TRADITIONELLE CHINESISCHE MEDIZIN

Die Traditionelle Chinesische Medizin (TCM) ist ein medizinisches System, dessen Wurzeln über 2000 Jahre zurück reichen und das sich ständig weiter entwickelt und zunehmend weltweit etabliert. Die sogenannten fünf Säulen der TCM bilden ein umfassendes Behandlungssystem, mit denen alle Energieebenen des Menschen – Körper, Geist und Seele – beeinflusst werden.

Die fünf Säulen bzw. fünf Behandlungsverfahren:

  • Akupunktur
  • Arzneimittel (Heilkräuter)
  • Tuina-Therapie und Akupressur (manuelle chinesische Therapie)
  • Ernährungslehre
  • Qi Gong/Tai Qi und Beratung in gesundheitsfördernder Lebensführung

Diese Verfahren gehen auf Grundlagen aus der Han-Dynastie (206 v. Chr. – 220 n. Chr.) zurück.

Nicht jeder TCM-Arzt in China hatte in vergangenen Zeiten die Gelegenheit, eine Schule zu besuchen. Die Menschen waren arm und das Land war sehr gross, reisen konnten nur wenige. So wurde das Wissen traditionell innerhalb der Familie gelehrt und von Generation zu Generation weitergegeben und weiterentwickelt. Diese Überlieferungen wurden lange Zeit als Familiengeheimnisse streng behütet.

So sind über die Jahrhunderte viele verschiedene Lehren, Techniken und Behandlungsstrategien entstanden, die erst in jüngerer Zeit der Öffentlichkeit zugänglich wurden.

Im Vergleich zu den Lehren an den Universitäten sind die traditionellen Überlieferungen weniger standardisiert und haben mehr spirituelle Elemente beibehalten.

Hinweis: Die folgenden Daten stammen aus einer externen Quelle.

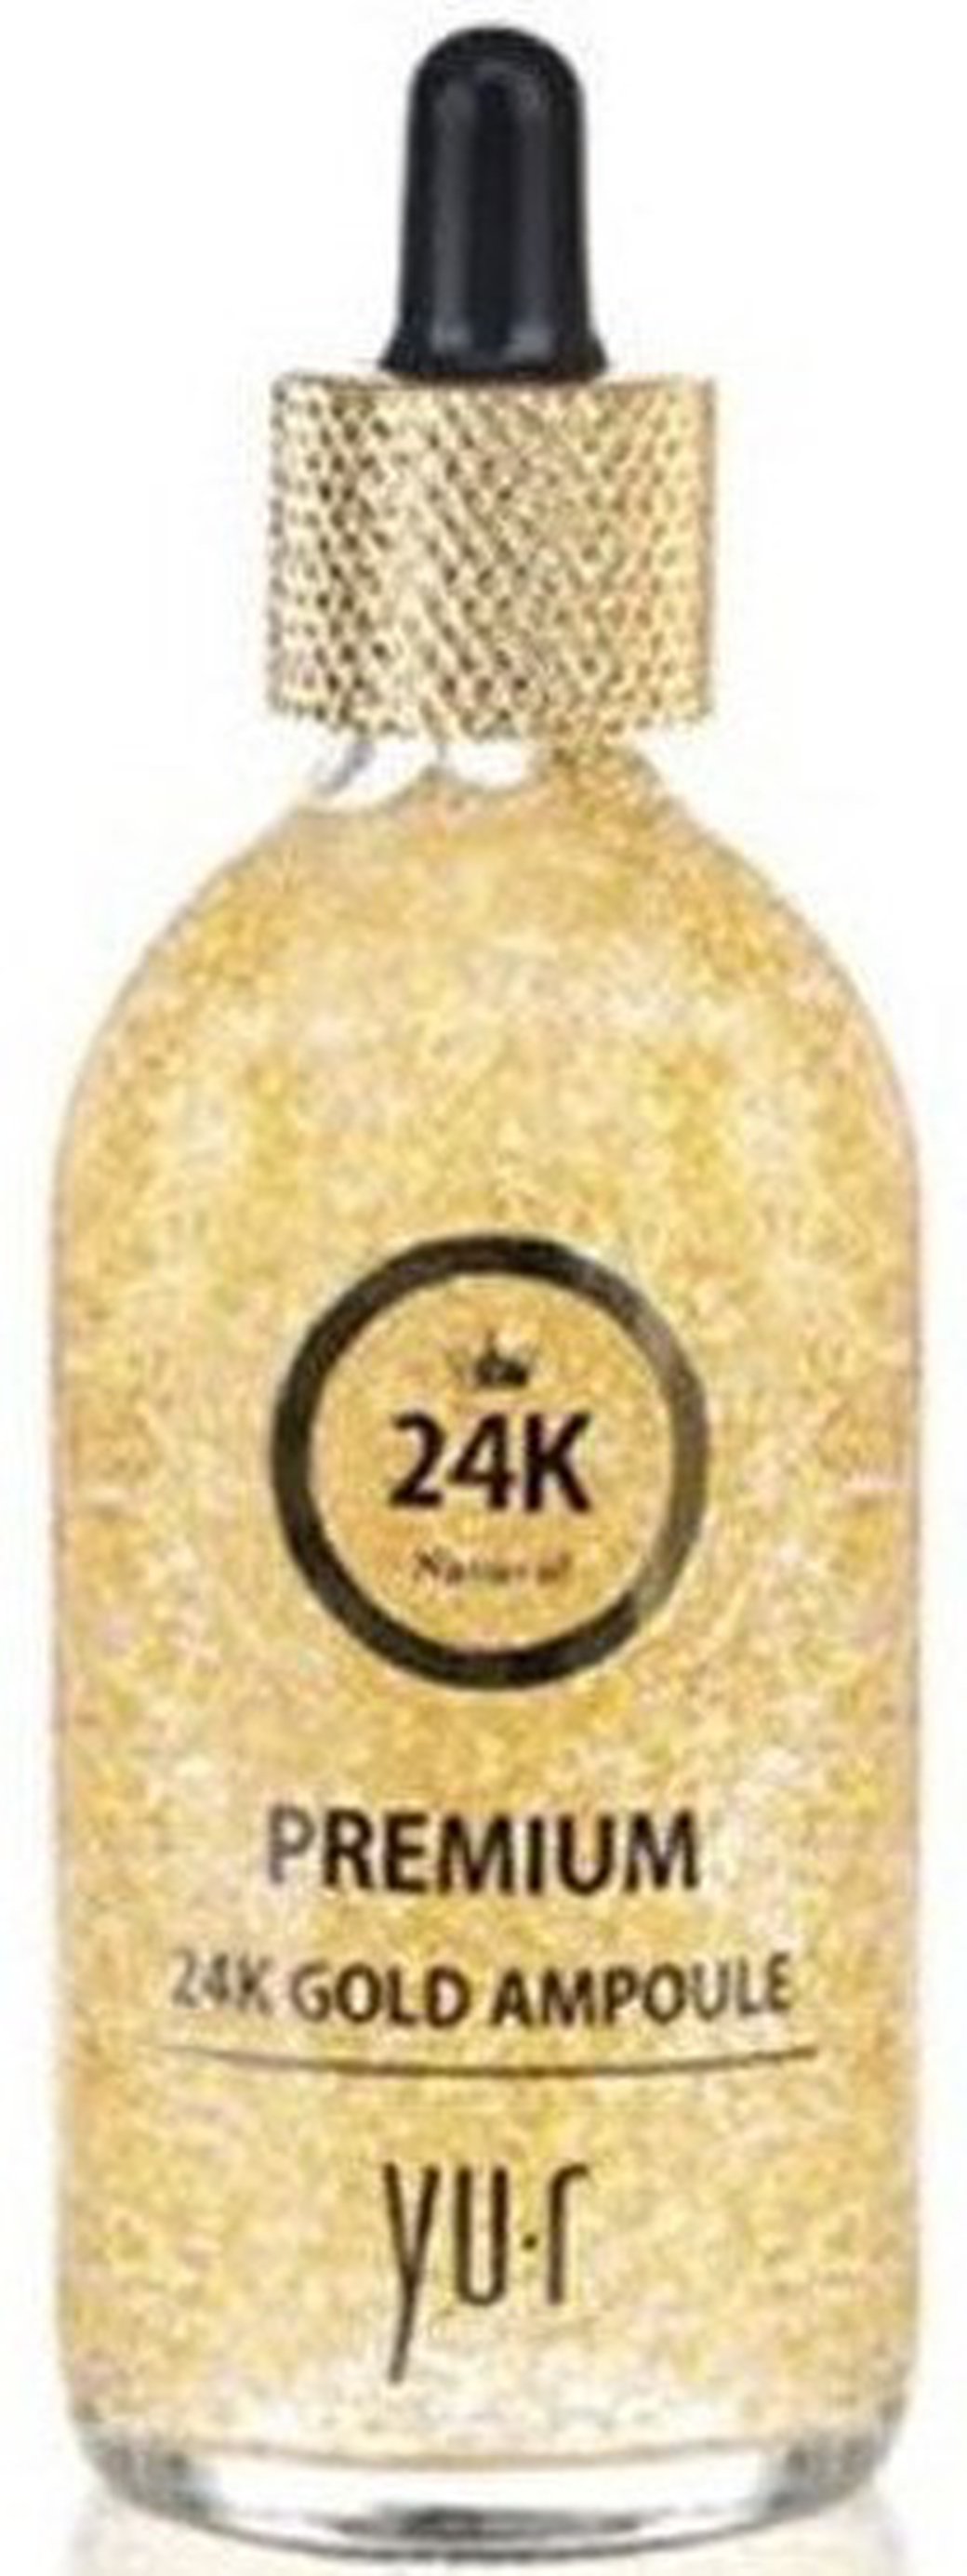 Сыворотка YU-R Premium 24K Gold Ampoule (с коллоидным золотом) 100 мл. фото

Interessierte TCM-Therapeuten haben heute die Möglichkeit, in verschiedenen Ländern Meister für spezielle Lehren zu finden und entsprechend der eigenen Vorlieben diese Lehren zu vertiefen. Die Arbeitsweise der TCM-Therapeuten kann sich demzufolge von Therapeut zu Therapeut sehr unterscheiden.